[Head Chef] Steven Brown parted company with Porter & Frye on Thursday. Erik Anderson, Brown’s longtime chef-de-cuisine, was then offered the job, but he turned it down because it’s not a cooking job, and what Anderson wants to do is cook.
Seriously. The head chef job at Porter & Frye is not a cooking job.
What kind of job is it? According to everyone I’ve talked to, it’s a bureaucratic and managerial job that forces the job-holder to be preoccupied with going to meetings and running financial reports. “They were undercapitalized when they opened, and they didn’t know what they wanted to be, and no one was watching the numbers,” one person close to the operation (who didn’t want to be named for fear of retribution) told me. “When the dust settled and they finally realized how much money they were losing, they started chopping people left and right. Every couple weeks someone got fired and there was a new manager.” The kitchen opened with five salaried employees. As of this writing, it has one: Anderson.
Bad news for foodies but serious reality for the business of running a restaurant. However, as a downtown dining consumer, I want someone to cover this who both knows what they're talking about AND catches the implications of the line they're being fed. Such as...
Personally, I find this situation maddening, not least because it really makes Minneapolis look bush league. P&F has been holding its own in a catastrophically bad climate—they did 200 for dinner the Saturday before last. The rap on it has consistently been: Great food, but horrible location and dismal service. Paton even agreed with my assessment. “I wouldn’t disagree,” he said. I fail to see how firing the chef is going to fix that.
Dara was "blogging" before we had a name for it. And she still does it better than anyone else on the Twin City food scene.
Chef Steven Brown is worth following wherever he lands, and hopefully that landing will be local.
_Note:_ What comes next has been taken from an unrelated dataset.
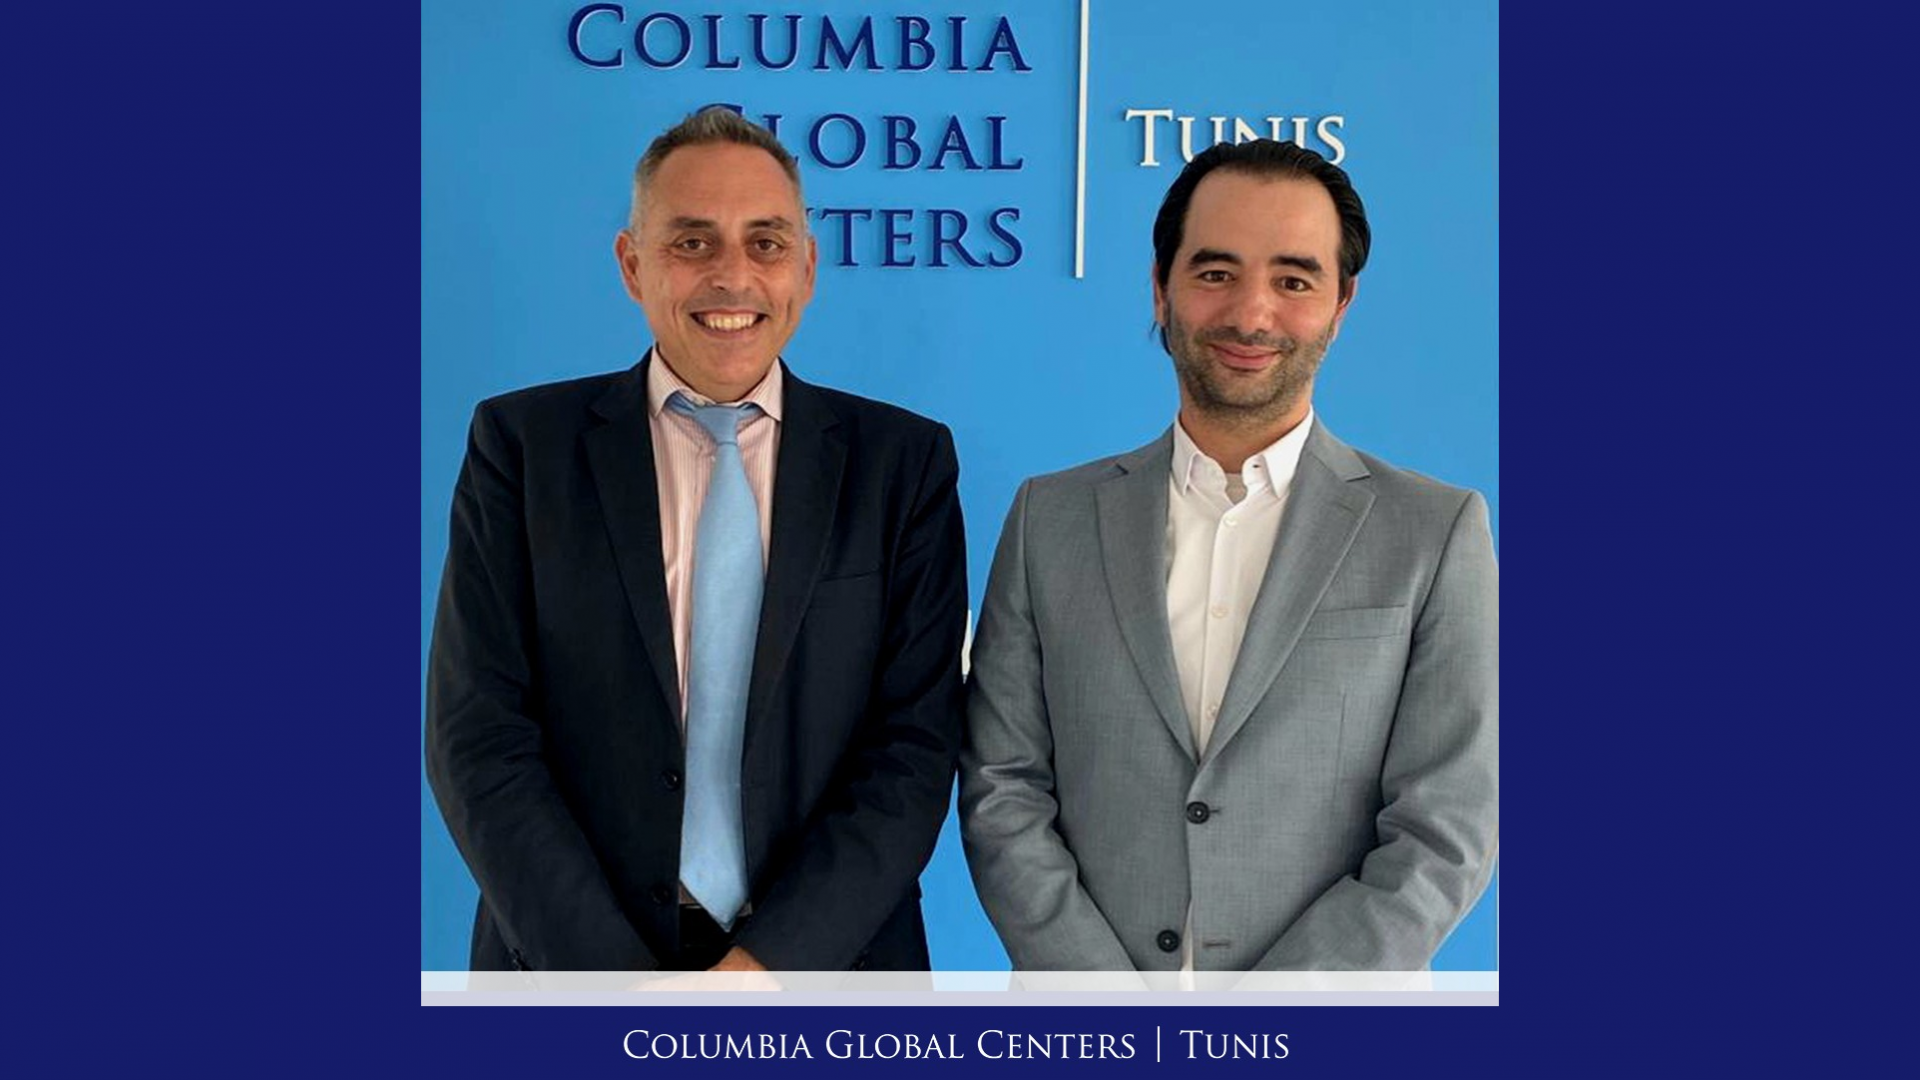 on the left: Germinal Gil de Gracia, Director of Instituto Cervantes Túnez 
on the right:  Youssef Cherif, Director of Columbia Global Centers I Tunis

Porter & Frye? It may not be worth so much with Brown out of the picture.
Oh, and as for the character of Chef Brown? Dara captures a telling quotation from him on his loss of employment:
“Unfortunately, it just didn’t work out. Hopefully, the people that remain can continue to build on what we started. How do I feel? Aside from the feeling that the world is crushing my chest, fine. I cooked a dinner for Anthony Bourdain once, and something he said always stuck with me. He said, ‘I’m a mediocre cook who happened to do something that caught fire,’” Brown said. “At the end of the day, I feel blessed. I don’t have any regrets about my situation right now. I read about how 20,000 people are being laid off at Caterpillar, 5,000 at Microsoft. I’m mortally afraid I won’t be able to find another job, and I’m sure they all are too. All the accolades in the world don’t put bottoms in chairs, and as much as you want to think about artistry and creativity, it’s about money. So what I want to do now is acknowledge the great work we did, and feel grateful for my support system and my family, and hopefully find employment as fast as I can. I’m open to any and all opportunities. You can write that for me.”
Someone please hire this great talent before a larger restaurant market snaps him up. He's everything Minnesota's dining scene ought to be boasting about.